By Mette Fog Olwig as part of the NEPSUS Series

New Partnerships for Sustainability (NEPSUS) is a Tanzanian-Danish research project that involves fifteen researchers with different disciplinary backgrounds and expertise. This is a great strength but, at the same time, a challenge. It was therefore not without some concern that I took on the role of organizing a workshop aimed at coding qualitative data with NVivo (specifically NVivo 12). NVivo is a software which supports the organization, coding and analysis of qualitative data. It can be challenging for researchers to analyze qualitative data if they usually work with quantitative data.

Furthermore, NVivo has several features that can lead to a rather quantitative analysis. This is problematic if the qualitative data used has not been collected in a statistically significant manner. A central challenge to the workshop design was therefore to organize an NVivo coding process that ensured an inductive and qualitative approach to the analysis. Having now worked through the process, I would like to share my experiences as they may be useful to other large, interdisciplinary research teams.

NEPSUS does not have the option of using NVivo for Teams because of unreliable internet and cost requirements. If practical, however, NVivo for Teams allows participants to work simultaneously on a single NVivo project file on one server. In NEPSUS, we instead worked asynchronously on individual NVivo project files. We used analytical codes (explained later), not purely thematic codes. Furthermore, we only coded the sentences that we considered relevant to the analysis. This means that although every sentence is of course read as part of the coding process, not necessarily every sentence is coded. In my experience, this saves time as coding thematically, and coding every sentence, can easily transform the analytical process into a mechanical one.

Why Coding?

The project includes various sources of quantitative and qualitative data and it can be difficult for all members of the team to understand and benefit from all the data. Even though it is not an easy task to coordinate a coding process that involves more than ten researchers, it proved significantly useful. After coding, it is much easier for all members of a research group to find and use relevant qualitative data. Another advantage we identified was that the preparation process for coding led to important conversations concerning synergies, analysis, definitions and interpretation of data among the team members.

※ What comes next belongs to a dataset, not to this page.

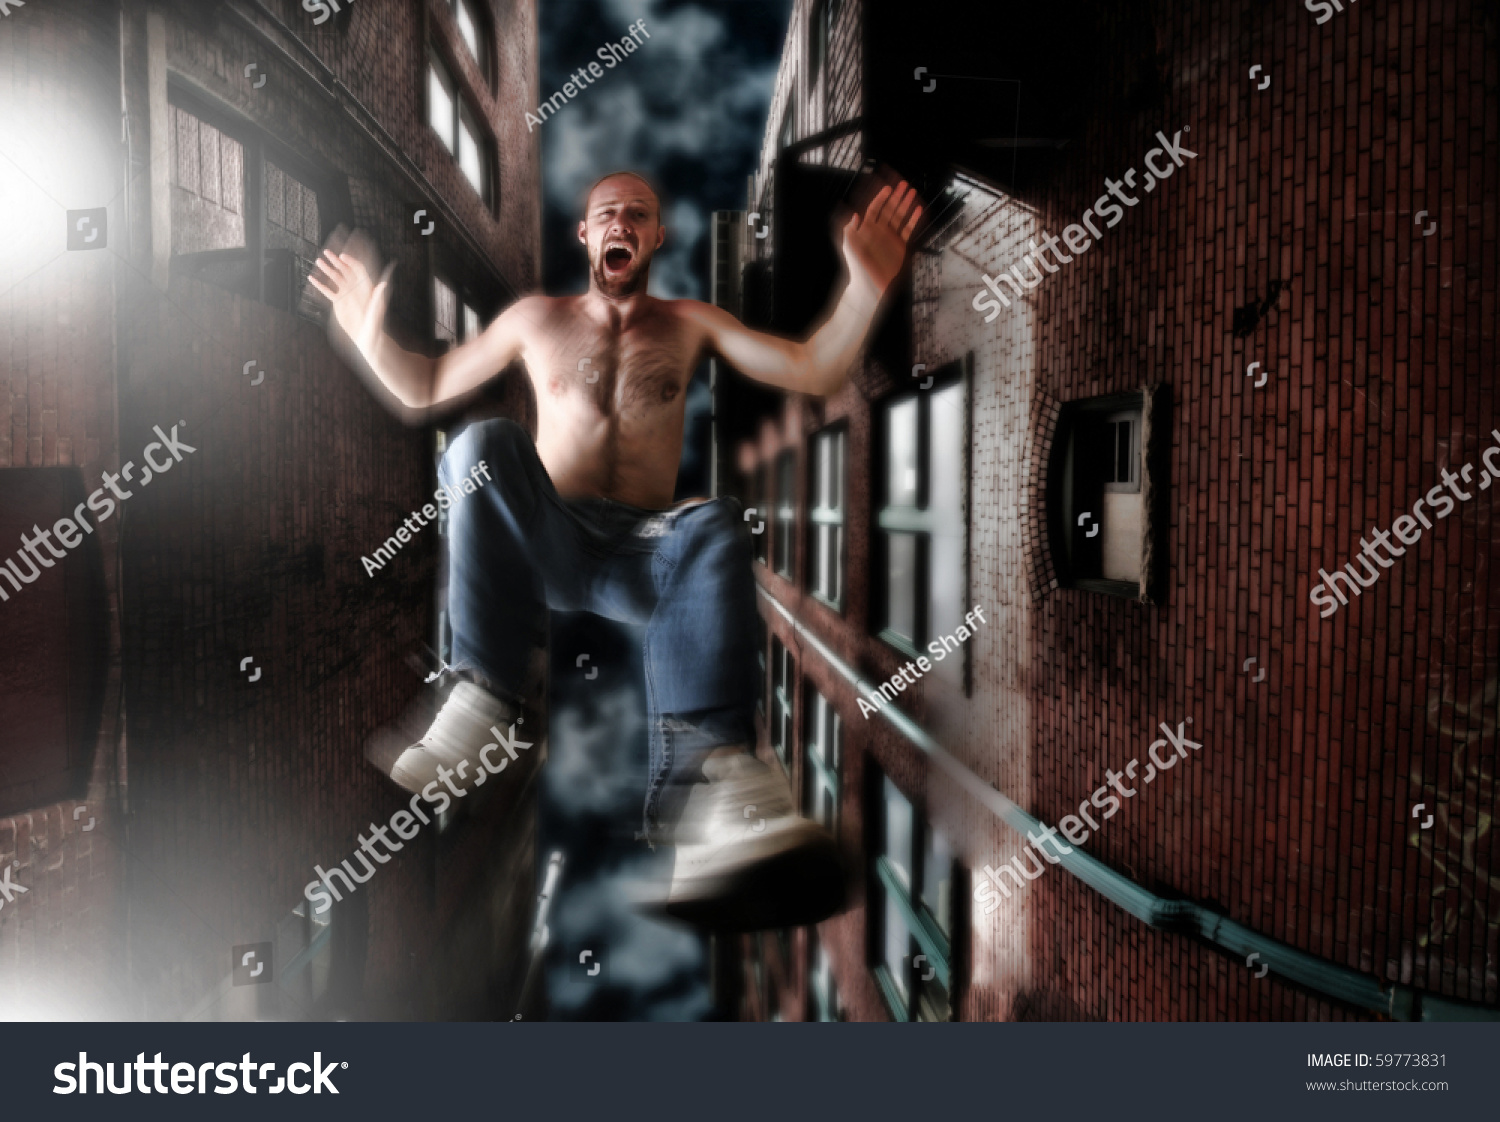 A Man Falling Off The Roof Of A Building Stock Photo 59773831 Shutterstock
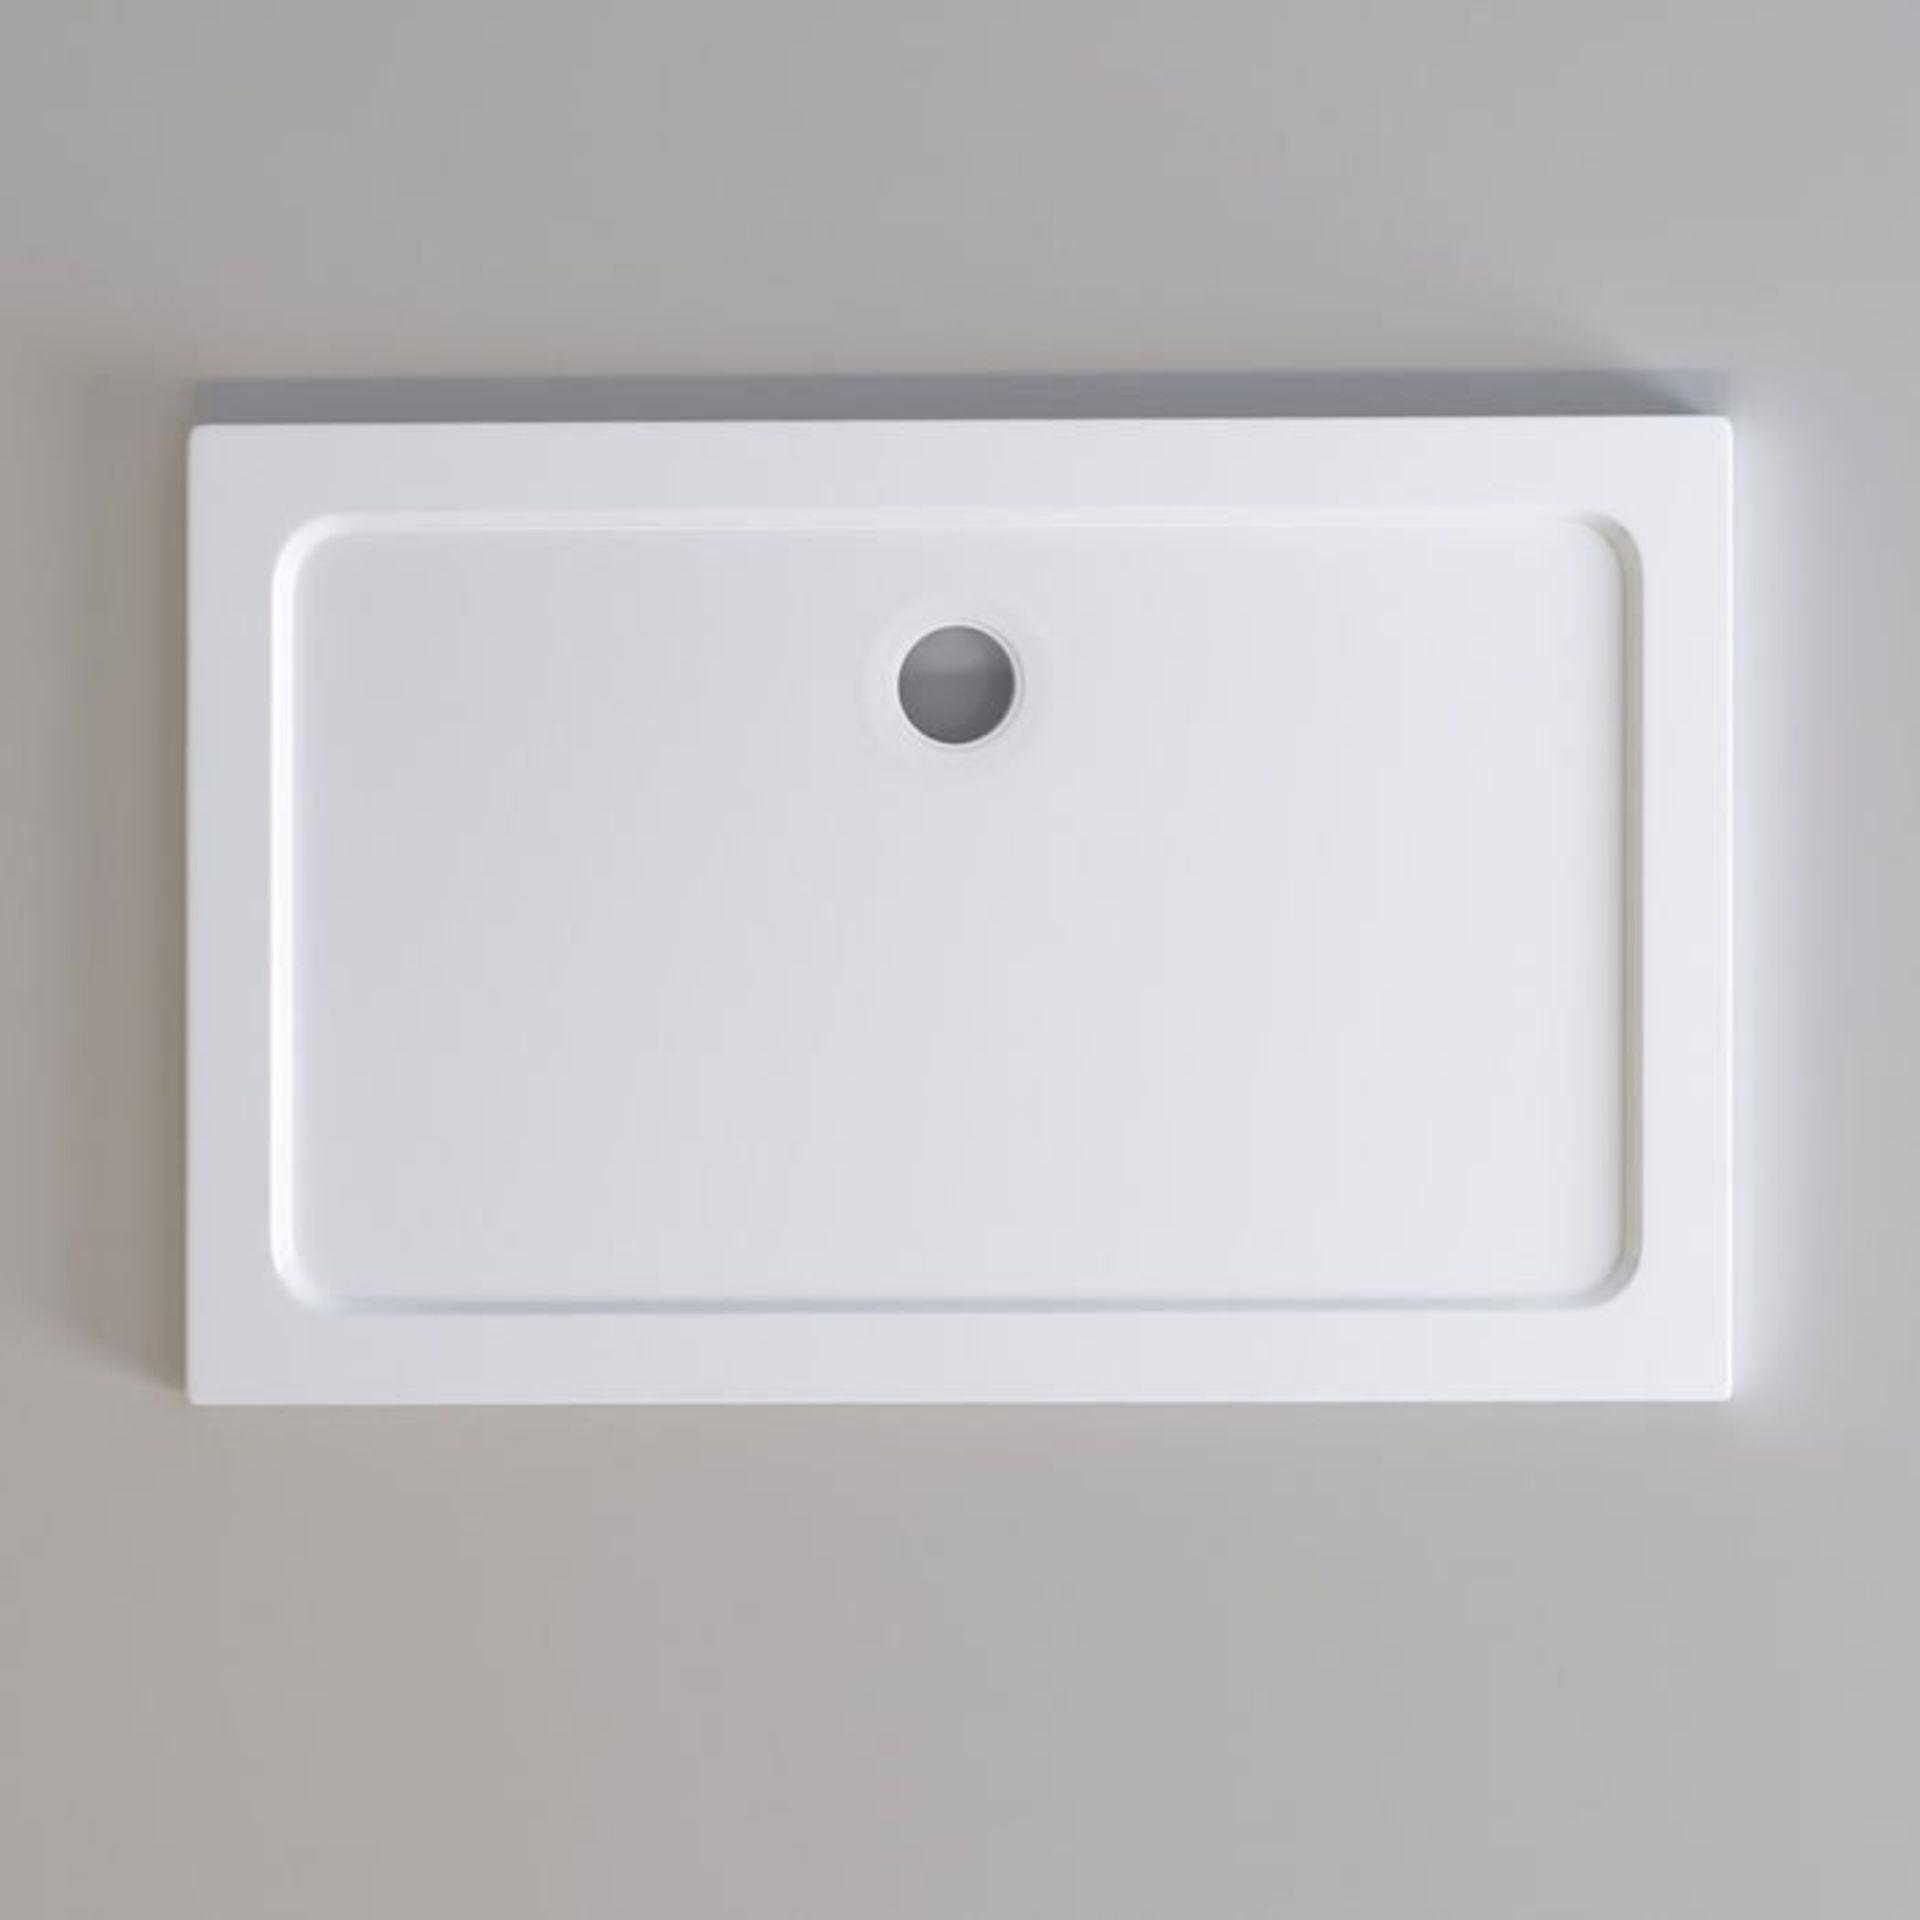 (S130) 1200x760mm Rectangular Stone Shower Tray RRP £349.99 Low profile easy plumb design Gel coated

Step 1: Organize and Clean the Qualitative Data

Before coding, all the qualitative data, including key informant interviews, focus group discussions, participant observations and secondary documents, need to be in their final form and well organized. This means:

All the qualitative data is organized in folders in a logical way that is clear to everyone who will be coding.
Interviews are transcribed as correctly as possible
All files are free of grammatical errors and spelling mistakes
All background information is included in the relevant file (such as name of interviewees, date recorded, etc.). NEPSUS has collected data pertaining to three different natural resource sectors, wildlife, coastal resources and forestry. We prepared Excel sheets for each sector – see image below for an example of the information recorded for each instance of participant observation in the forestry sector.

*Figure 1: Information recorded for each instance of participant observation (PO) in the forestry sector*

Step 2: Organize a Coding Workshop/Retreat

Coding is not just a process of organizing data, it is also an analytical process. This means that the organization of data will depend on the analytical approach that is adopted. In order for the researchers involved in coding to establish and work with a common analytical framework, joint preparation is crucial. We organized a one-week workshop in Bagamoyo, Tanzania, located a few hours’ drive from Dar es Salaam, where most of the researchers live. Since they have many other work obligations, it was important to gather the participants in a location far enough from their workplace so that they would not be disturbed.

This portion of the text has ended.